▶ **Action item**: Hand back every line from the beginning of the data below through the line containing "Men's Breathable Running", word for word and free of pictures.

▶ **Input data**:

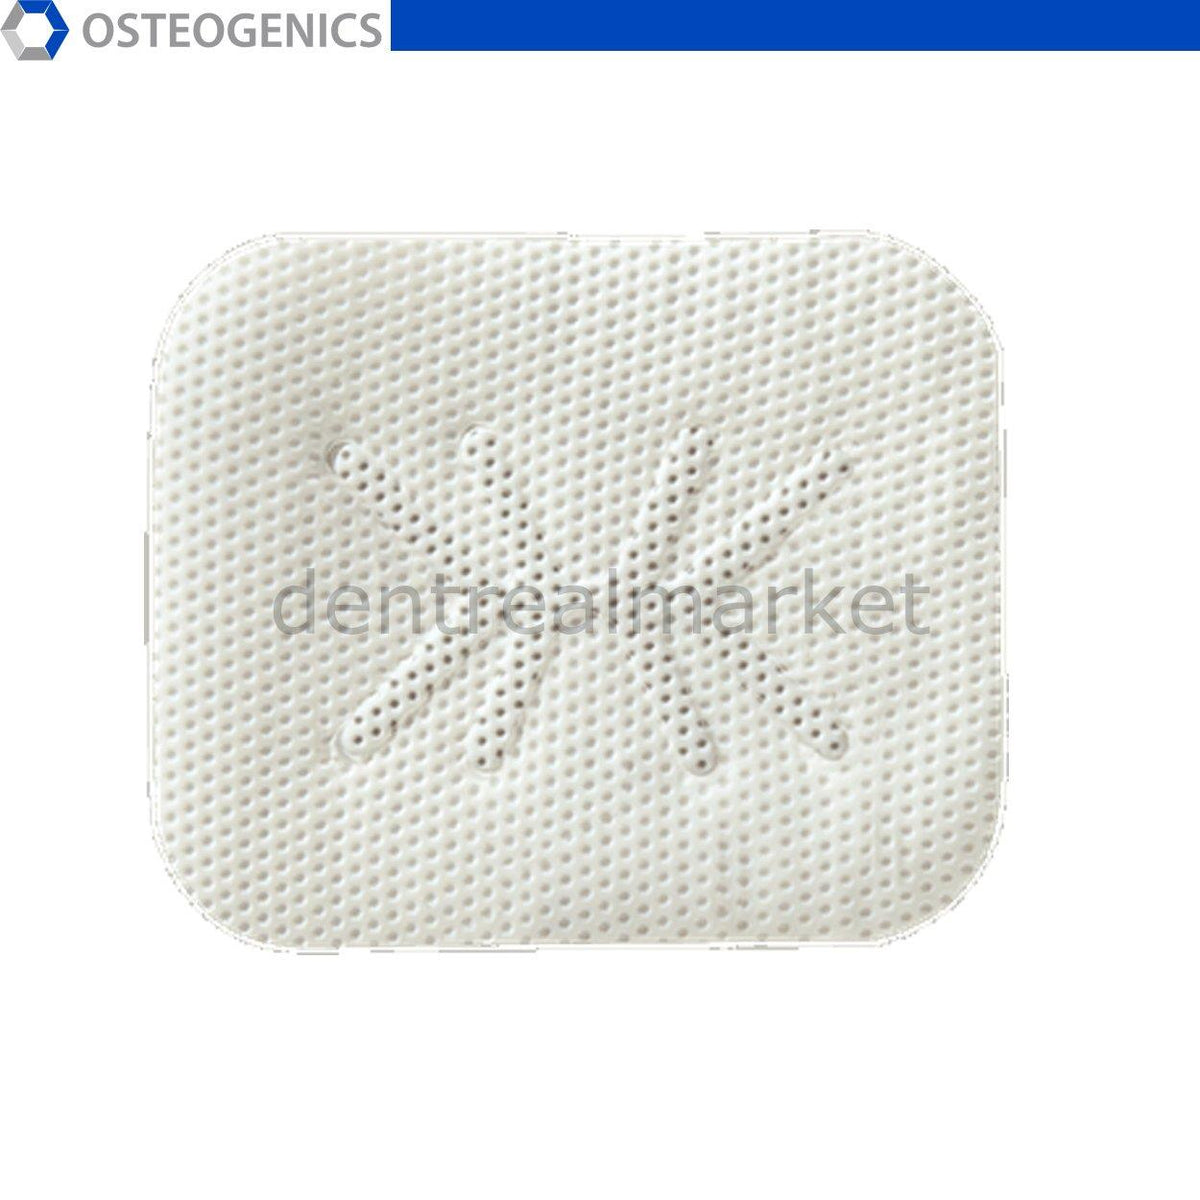 DentrealStore - Osteogenics Cytoplast Titanium-High-Density PTFE Membranes - XL 30*40 mm
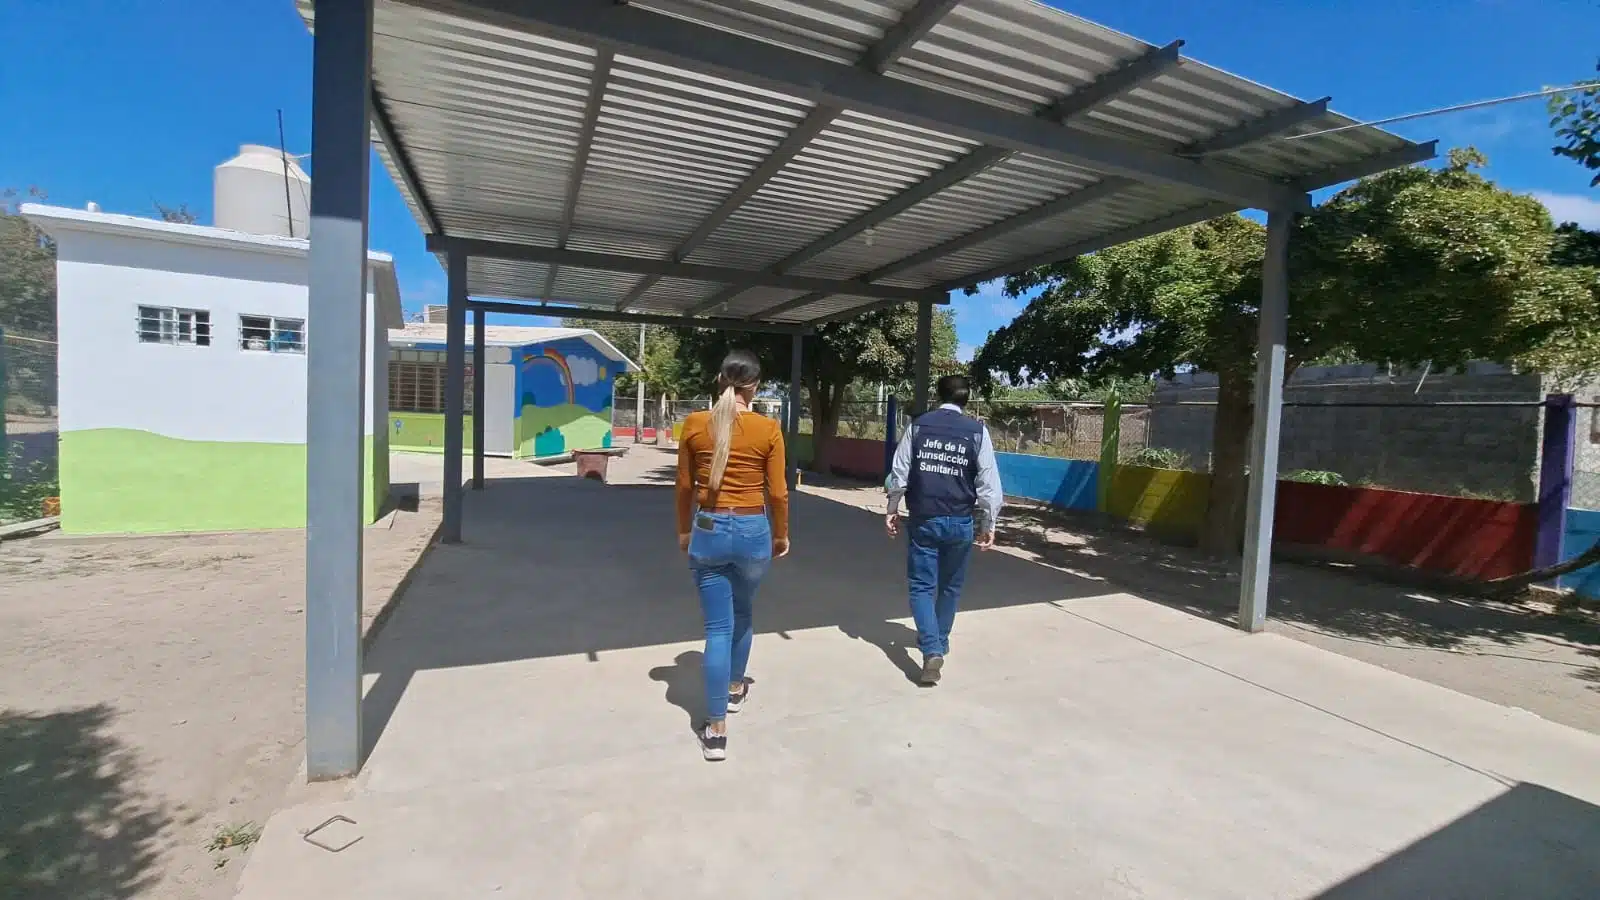 Preescolar “Guadalupe Gámez Portillo” del sector El Sabino, Higuera de Zaragoza
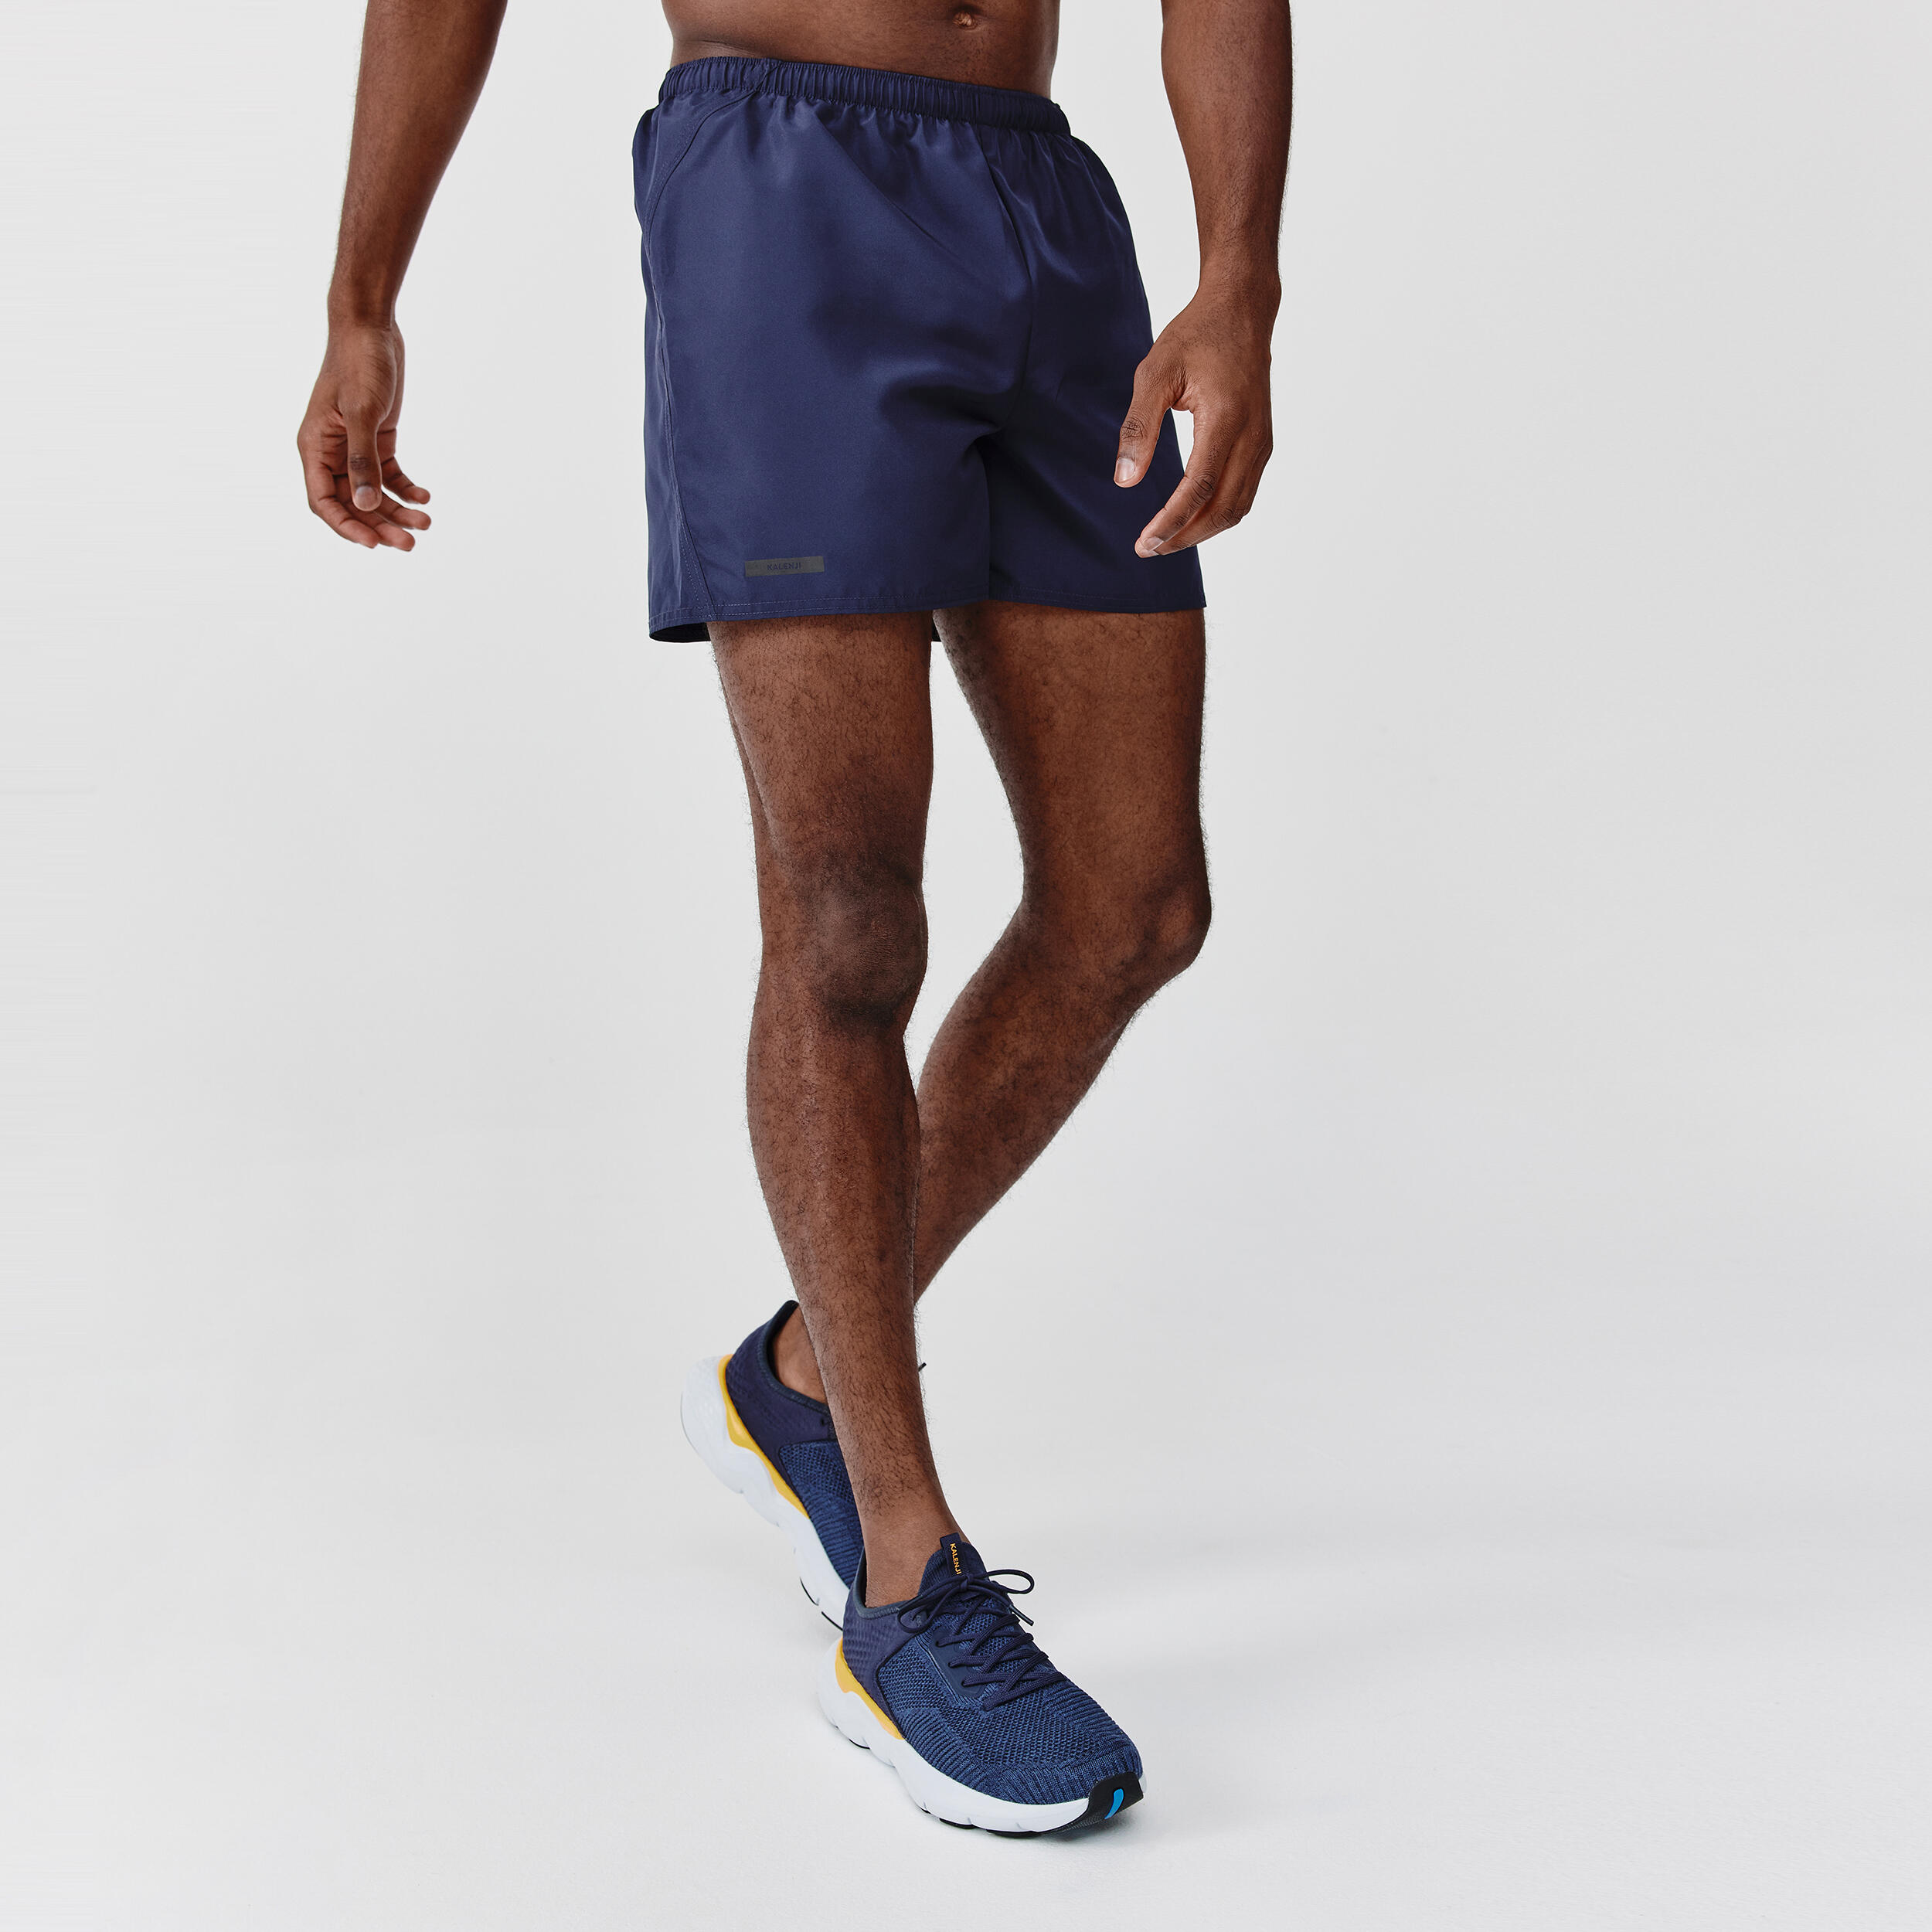 Men's Breathable Running Shorts - Dry Black - black - Kalenji - Decathlon
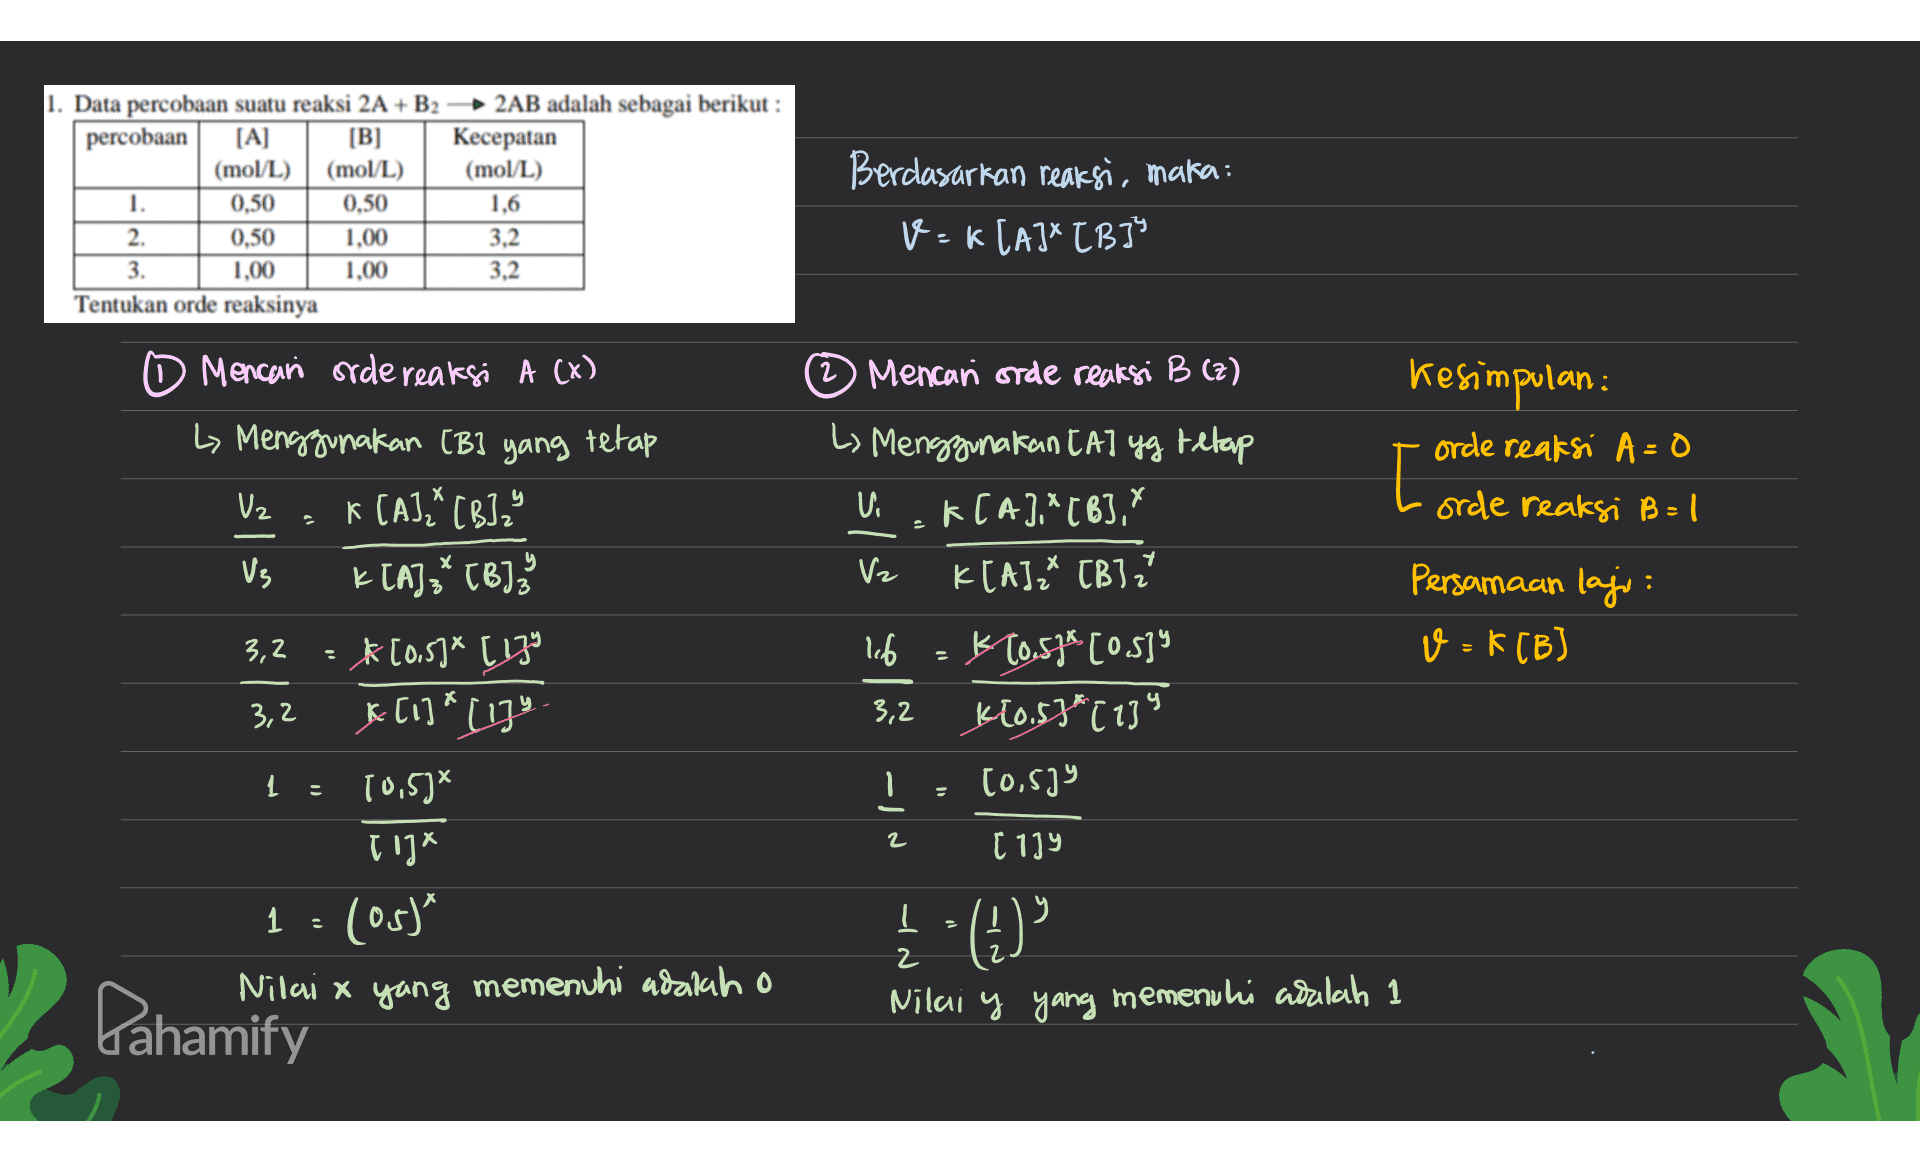 1. Data percobaan suatu reaksi 2A + B2 percobaan [A] [B] (mol/L) (mol/L) 1. 0,50 0,50 2. 0,50 1.00 3. 1.00 1.00 Tentukan orde reaksinya 2AB adalah sebagai berikut : Kecepatan (mol/L) 1,6 3.2 3.2 Berdasarkan reaksi, maka: V=CAJX TBBS 2 Mencan orde reaksi B (z) 0 Mencari orde reaksi A (x) L> Menggunakan (Bl yang tetap Uz K (AI,* [6]," Vs k [A]; TB] L> Menggunakan ta] yg tetap Vi KCA).*[b],? Vz KLAJ, TBJP Kesimpulan: orde reaksi A=0 I orde reaksi B = 1 Persamaan lagi: v = K[B] 3,2 = K[0.5]* (17! 3,2 k Ci]* UPS . 1 : 10.53% [1]* 1 = (os)" Nilai x yang memenuhi adalah 2 lebo = K [ klo.sk [05]" 3,2 Kło.5*( 13" 1 [0.53 [1]9 Į y - (4) 2 Nilai y yang memenuhi adalah 1 Dahamify

▶ **Solution**:
 DentrealStore - Osteogenics Cytoplast Titanium-High-Density PTFE Membranes - XL 30*40 mm
 Preescolar “Guadalupe Gámez Portillo” del sector El Sabino, Higuera de Zaragoza
 Men's Breathable Running Shorts - Dry Black - black - Kalenji - Decathlon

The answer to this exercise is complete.